Inflation, the Obscurer

Arleigh Chute


[Reprinted from the Henry George News, April, 1959]


IN the March HGN, Robert Benton, director of the Detroit extension of the Henry George School, in a letter to the editor asked that we seek a workable definition of the term "inflation." His "sticking his neck out" with a tentative suggestion has prompted me to do the same.

Since "inflation" is going to be considered a "bad" word, it should refer to the basic evil in monetary policy - an increase in the per capita supply of money and consequent deterioration of its usefulness as a measure of value. For dollars serve the economy best when they allow a person who has contributed, say, one sixty-five millionth to the wealth of the country, to receive the same share when he chooses to buy. This seems reasonable to ask, for it was the condition before the invention and incorporation into the market place of a medium of exchange. Surely, if money is to provide a great advantage over the barter system it replaced, it should not destroy this basic justice.

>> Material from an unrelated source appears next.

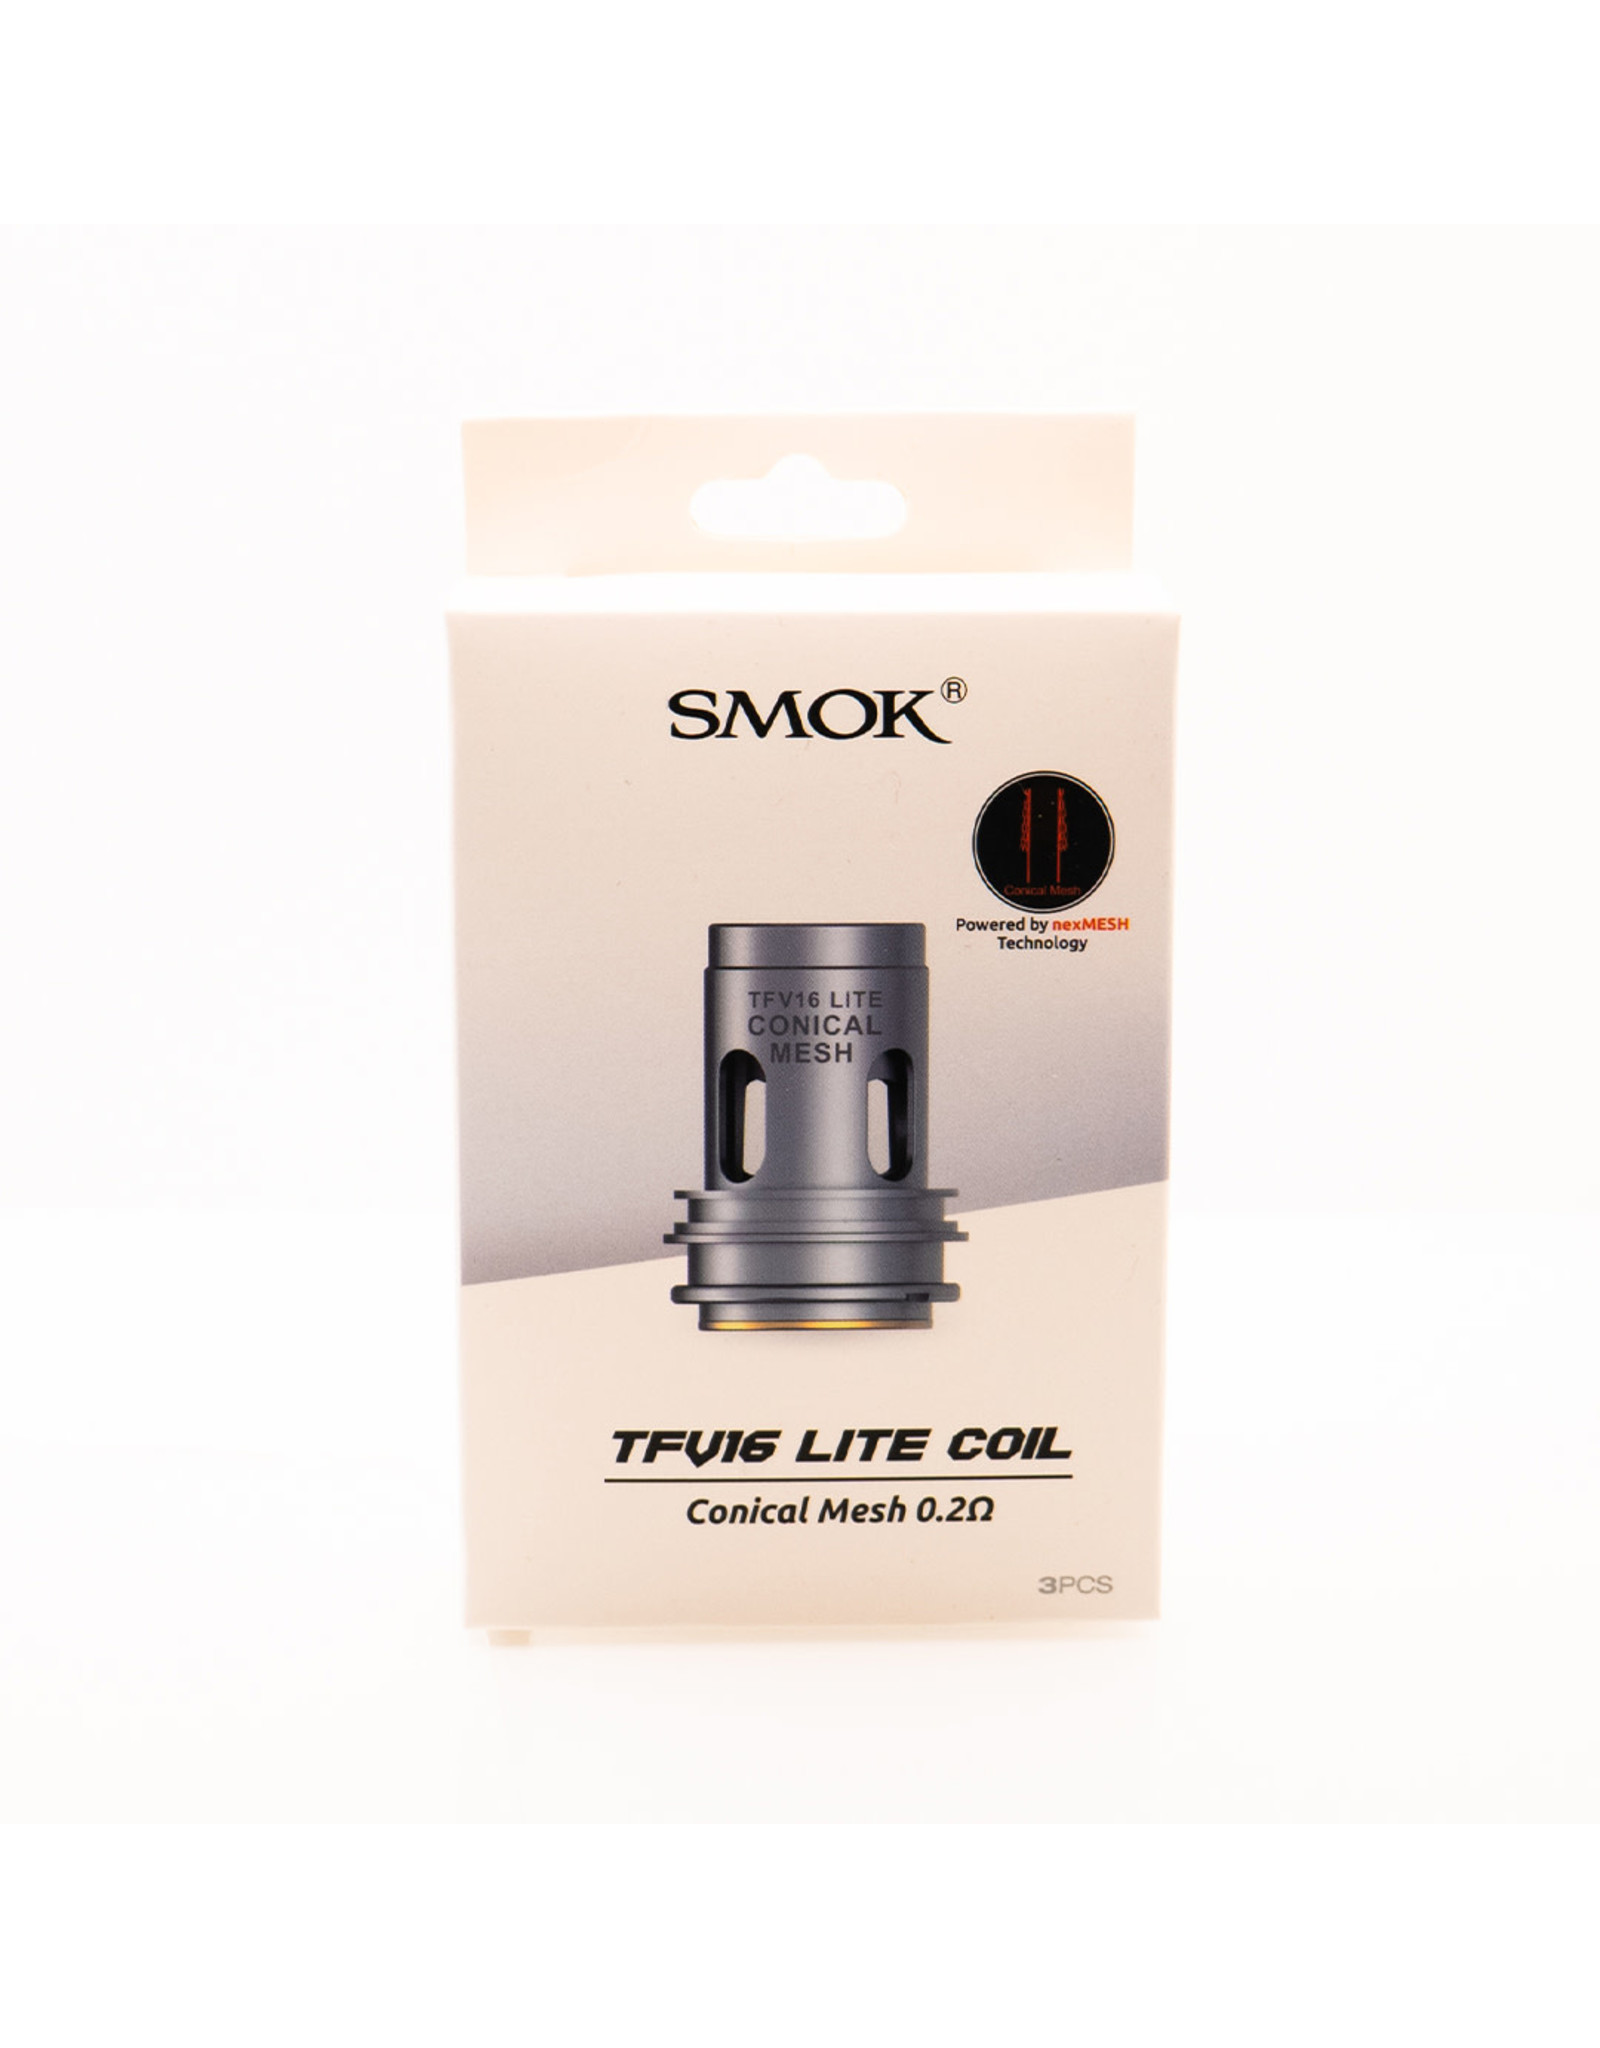 SMOK SMOK: TFV16 Lite Coils-

Preservation of justice can be achieved when the per capita supply of money (currency and demand deposits in banks divided by population) is fixed. The fixing and maintaining of this ratio should be the responsibility of government as it now fixes the weight of the "pound" and the length of the "yard." Economic man doesn't desire "pounds," "yards," or "dollars." He does, however, desire the wealth associated with these measuring devices. He can only expect justice in his economic dealings when these standards are fixed.

Would the "yard" be of much value in an Alice-in-Wonderland world of whimsical dimensions, or the "pound" on a science-fiction planet of varying gravity? Hardly! Under those circumstances we would abandon such purposeless devices as we must finally abandon a baseless dollar.

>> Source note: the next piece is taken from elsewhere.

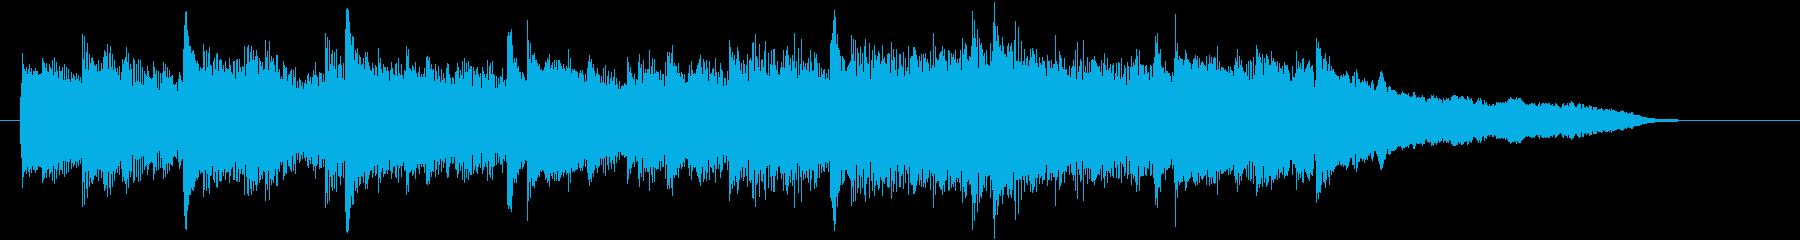 Guitar CM 3の再生済みの波形

It is difficult enough to determine price (value relationships) in the market place, what with constant changes in quality, quantity, and kind of available goods and services; need we confound the problem with a measure of value that itself fluctuates in value? Those who bother to learn from history have a ready answer - yes! As a nation we will continue to suffer the pains of: recurring inflation and deflation until the political ring is shattered with enlightened protest. A protest to instigate the monetary reform that will finally enable our money system to act as a gridiron, measuring advances and losses of the economic factors at play, instead of as the football it now is, where parties may seize it and run in the direction that provides the loudest cheers from the grandstand.

Besides the obvious economic advantages and the greater taste of justice that a fixed "yardstick" of value might bring, a sound money would inherently point the finger at the more profound problem facing our nation or any nation-the increasing bite that rent takes of production. Today, increasing rent and value of land are obscured by the fact that everything - prices, wages, taxes, costs - are all rising!

On the other hand, given a sound dollar, the economic facts would be clear. Prices would slowly drop as increased technology and competition combined to cut costs; wages would tend to remain fixed as an aggregate, while still fluctuating within industry to encourage necessary shifts in production; savings, no longer stolen by inflation, would increase and foster greater capital formation. But one factor - for the first time conspicuously exposed to the sunlight of an honest money - would be seen insidiously creeping upward. As rent tightened its stranglehold on labor and capital, wages and interest would wither and fall, not just in abstract theory, but in actual dollars. How easy it would then be to promote our cherished reform, for most of mankind will never comprehend the theories of Henry George, but everyone can count!